Task description:
Set down every line of the data exactly, skipping the pictures.

Supplied data:

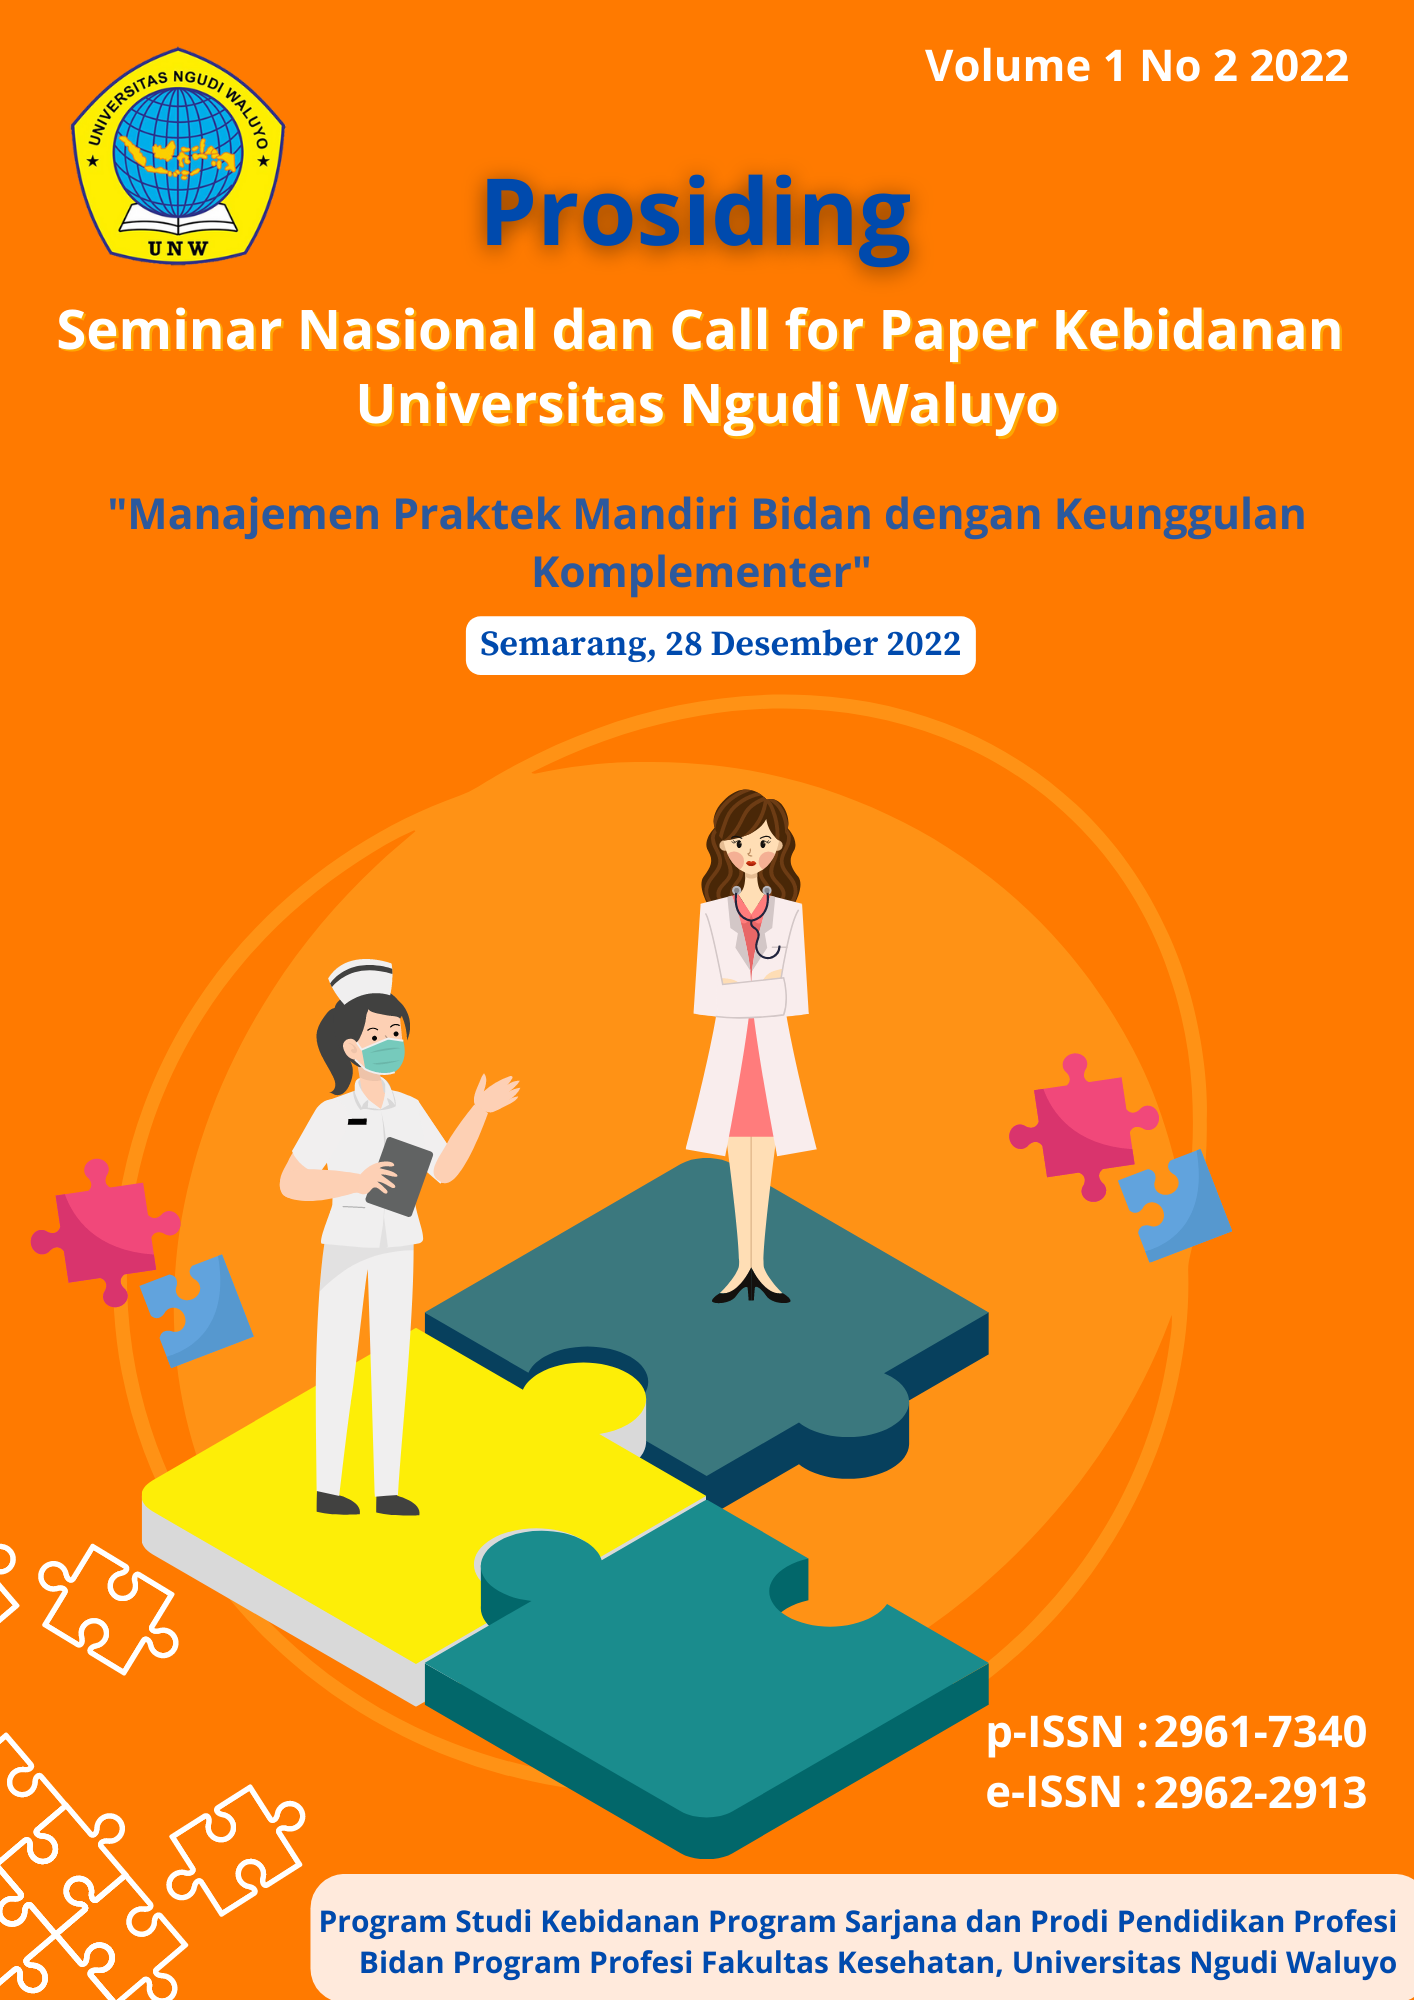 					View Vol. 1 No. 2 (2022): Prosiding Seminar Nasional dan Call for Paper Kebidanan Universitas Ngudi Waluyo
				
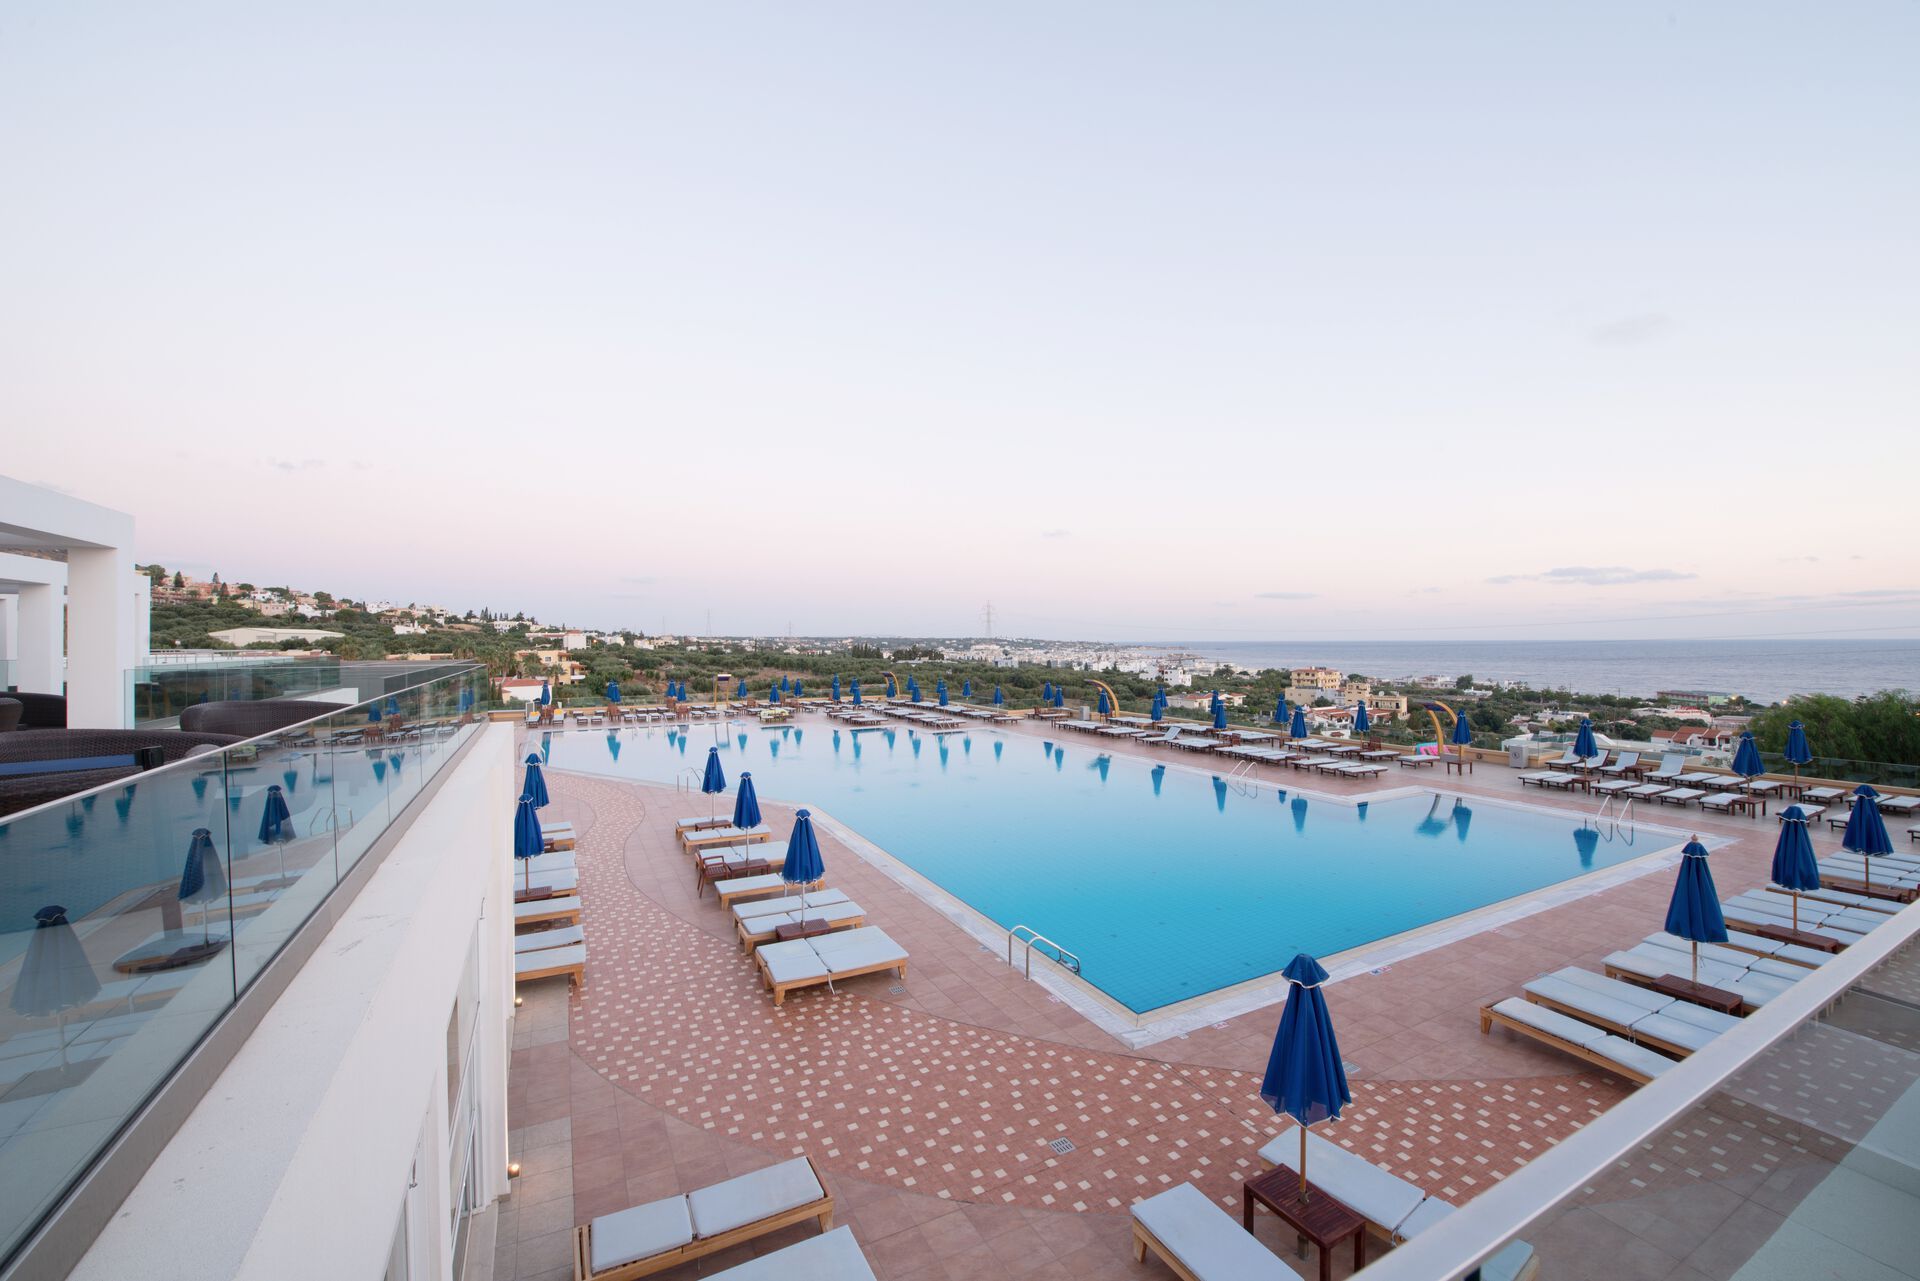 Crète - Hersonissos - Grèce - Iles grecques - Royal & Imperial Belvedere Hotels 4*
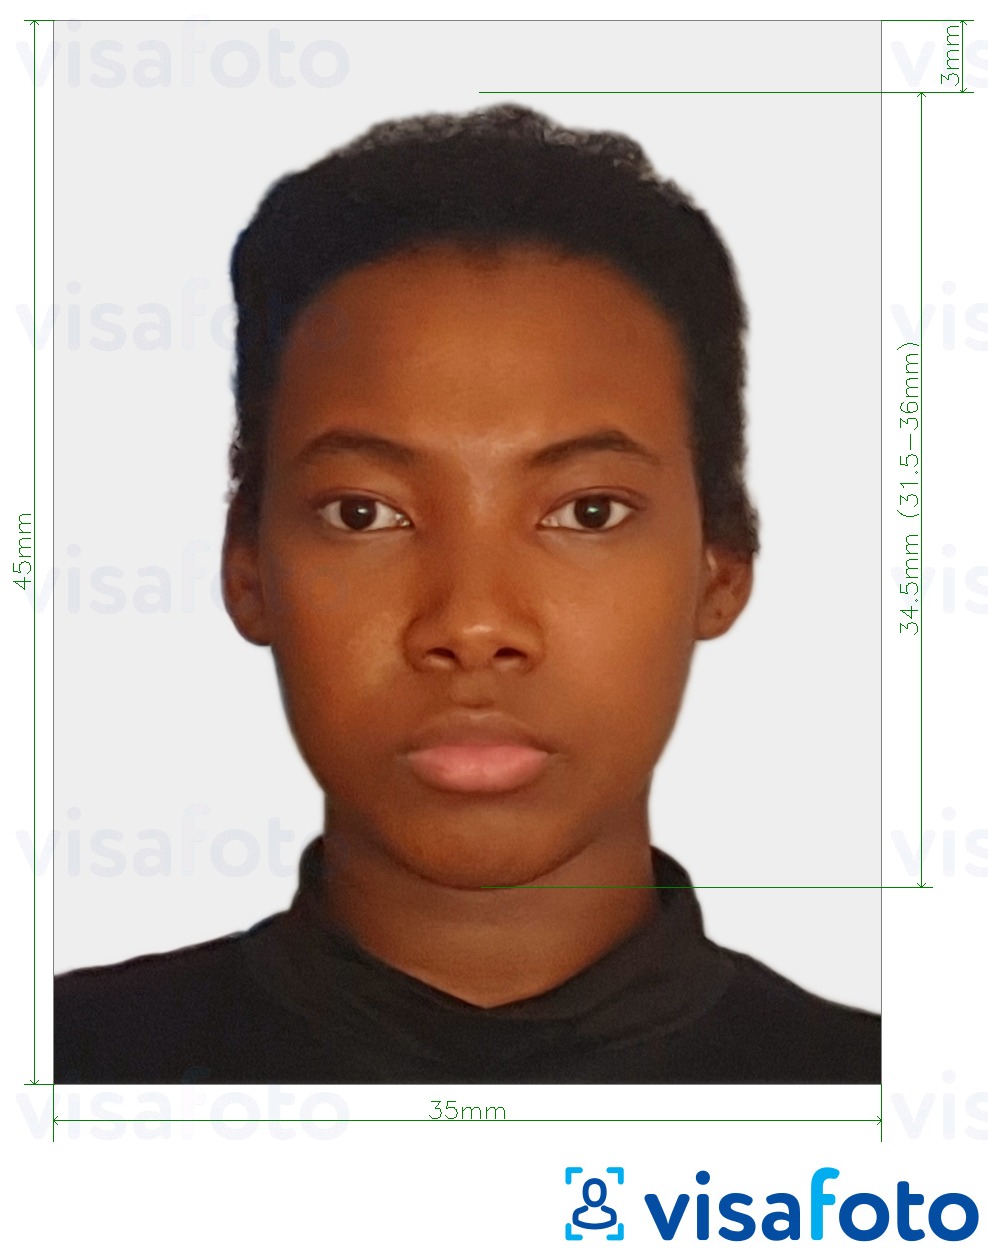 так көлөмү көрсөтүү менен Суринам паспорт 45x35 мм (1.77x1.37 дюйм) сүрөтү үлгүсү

Exercise result:
 					View Vol. 1 No. 2 (2022): Prosiding Seminar Nasional dan Call for Paper Kebidanan Universitas Ngudi Waluyo
				
 Crète - Hersonissos - Grèce - Iles grecques - Royal & Imperial Belvedere Hotels 4*
 так көлөмү көрсөтүү менен Суринам паспорт 45x35 мм (1.77x1.37 дюйм) сүрөтү үлгүсү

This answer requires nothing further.